Data Specification
LicenseLynx stores license data in two formats: individual license files (source of truth, editable) and a merged mapping file ( generated, used by libraries and the web endpoint).
Individual License Files
Each license has its own JSON file in the data/ folder, named after its canonical identifier.
{
"canonical": {
"id": "GPL-3.0-only",
"src": "spdx"
},
"aliases": {
"spdx": [
"GNU General Public License v3.0 only",
"GPL-3.0"
],
"custom": [
"GENERAL PUBLIC LICENSE, version 3 (GPL-3.0)",
"GPL v3"
],
"osi": [
"GNU General Public License, Version 3.0"
],
"scancodeLicensedb": [
"GNU General Public License 3.0",
"gpl-3.0"
],
"pypi": [
"License :: GNU General Public License v3",
"License :: OSI Approved :: GPLv3"
]
},
"rejected": [],
"risky": [
"gpl3"
],
"isMajorVersionOnly": true
}
Fields
| Field | Type | Description |
|---|---|---|
canonical |
object |
Contains the canonical id and its src. |
canonical.id |
string |
The canonical license identifier. Must equal the filename (without .json). |
canonical.src |
string |
Origin of the canonical name (see Data Sources). |
aliases |
object |
Known alternative names, grouped by source key. |
aliases.spdx |
string[] |
Names from the SPDX license list (full names, deprecated IDs). |
aliases.scancodeLicensedb |
string[] |
Names from ScanCode LicenseDB (keys, full names, LicenseRef- identifiers). |
aliases.pypi |
string[] |
PyPI classifier strings (e.g., "License :: OSI Approved :: MIT License"). |
aliases.osi |
string[] |
Names from the OSI license list. |
aliases.custom |
string[] |
Community-contributed aliases. This is where your contributions go. |
rejected |
string[] |
Strings explicitly excluded from mapping. These will never resolve to this license. |
risky |
string[] |
Ambiguous strings that could plausibly map here but lack certainty. Only returned when the caller opts in. |
isMajorVersionOnly |
boolean |
Whether the canonical identifier has only a major version, relevant for the version matching validation. |
For validation rules applied to these files, see Data Validation. For how external sources populate these alias groups, see Automated Data Retrieval.
isMajorVersionOnly
This flag is only relevant for canonical identifiers with exactly one version token such as Apache-2.0 or GPL-3.0-only.
truemeans this major version is unique within its license family.falsemeans there are multiple canonical identifiers with the same major version in that family.
The validator determines this by grouping licenses by base name and comparing their major version numbers.
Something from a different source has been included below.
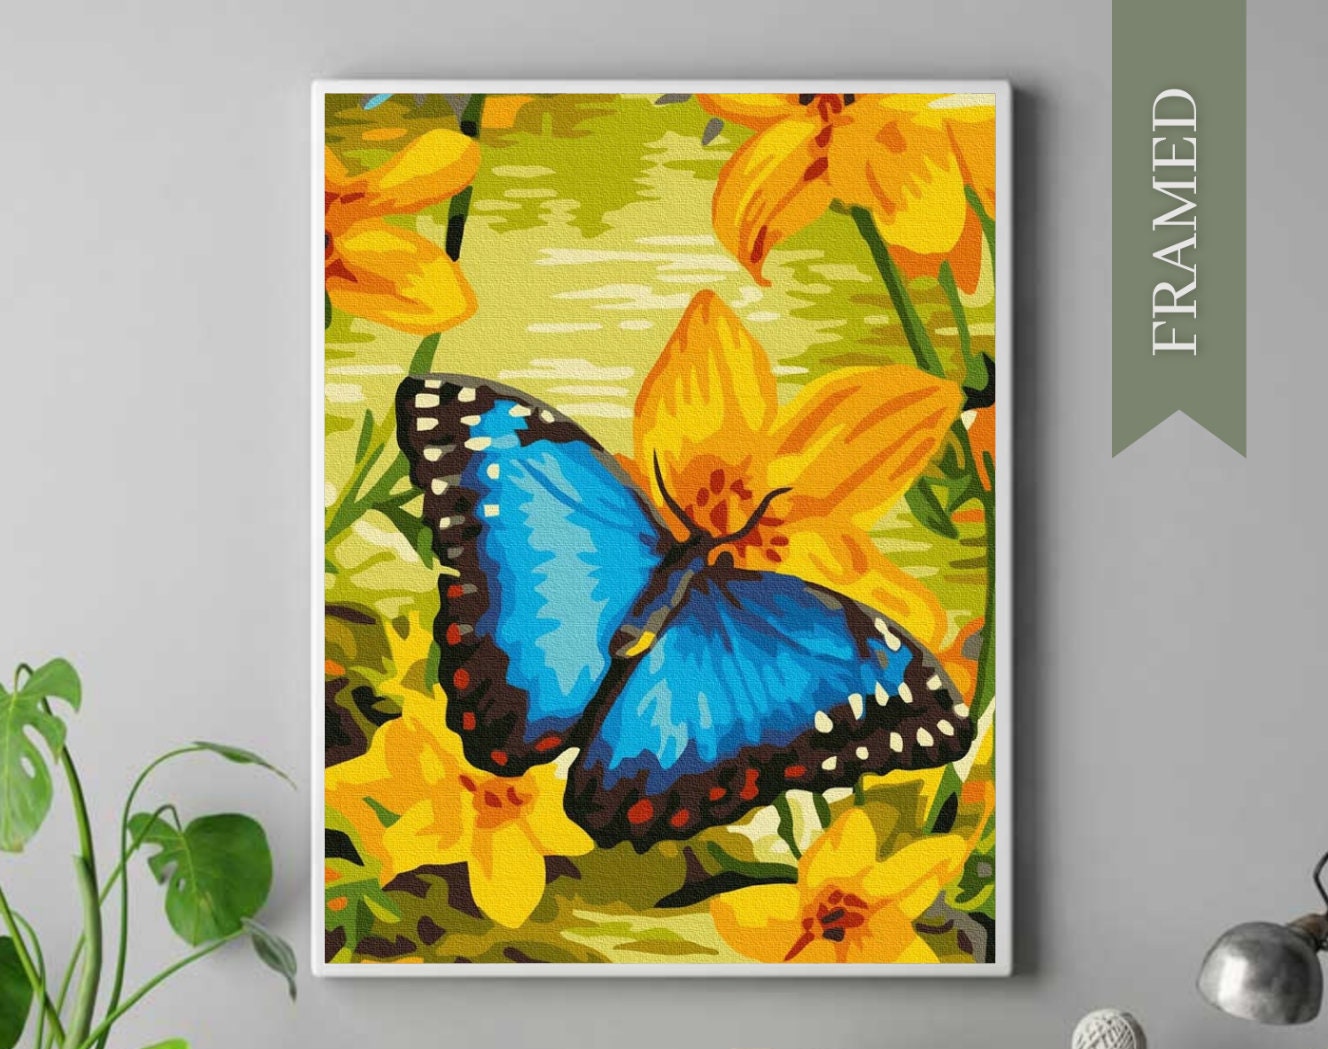 Realistic Paper Butterflies, Double-sided, Faux Butterfly Paper-cut Craft  Cutouts dawn Oak-leaf Butterfly and Blue Buckeye 3 Piece Set

This affects how strict the alias version matching can be.
Merged Mapping File
The build pipeline merges all individual files into a single merged_data.json with the following structure:
{
"stableMap": {
"MIT": {
"id": "MIT",
"src": "spdx"
},
"MIT License": {
"id": "MIT",
"src": "spdx"
},
"mit": {
"id": "MIT",
"src": "scancode-licensedb"
},
...
},
"riskyMap": {
"gpl3": {
"id": "GPL-3.0-only",
"src": "spdx"
},
...
},
"siemens": {
"SISL-1.4": {
"id": "SISL-1.4",
"src": "siemens"
},
...
}
}
Top-Level Keys
| Key | Description |
|---|---|
stableMap |
All aliases from every license file. This is the default lookup target. |
riskyMap |
All risky entries from every license file. Only queried when opted in. |
<org> (e.g., siemens) |
Organization-specific license mappings. |
Entry Format
Each entry in any map is keyed by the alias string and contains:
| Field | Type | Description |
|---|---|---|
id |
string |
The canonical license identifier this alias resolves to. |
src |
string |
The source of the canonical name. |
Data Sources
| Source | src value |
Description |
|---|---|---|
| SPDX License List | "spdx" |
The primary source. SPDX ID is used as canonical name. |
| ScanCode LicenseDB | "scancode-licensedb" |
Fallback when no SPDX entry exists. ScanCode key becomes canonical name. |
| OSI License List | N/A | Used to enrich existing entries with additional aliases. Does not define canonical names. |
| PyPI Classifiers | N/A | License classifier strings from PyPI packages. Does not define canonical names. |
| Custom/Community | "custom" |
Community-contributed aliases added to the custom list. |
| Organizations | e.g., "siemens" |
Organization-maintained internal licenses. |
For the retrieval scripts behind the automated sources, see Automated Data Retrieval.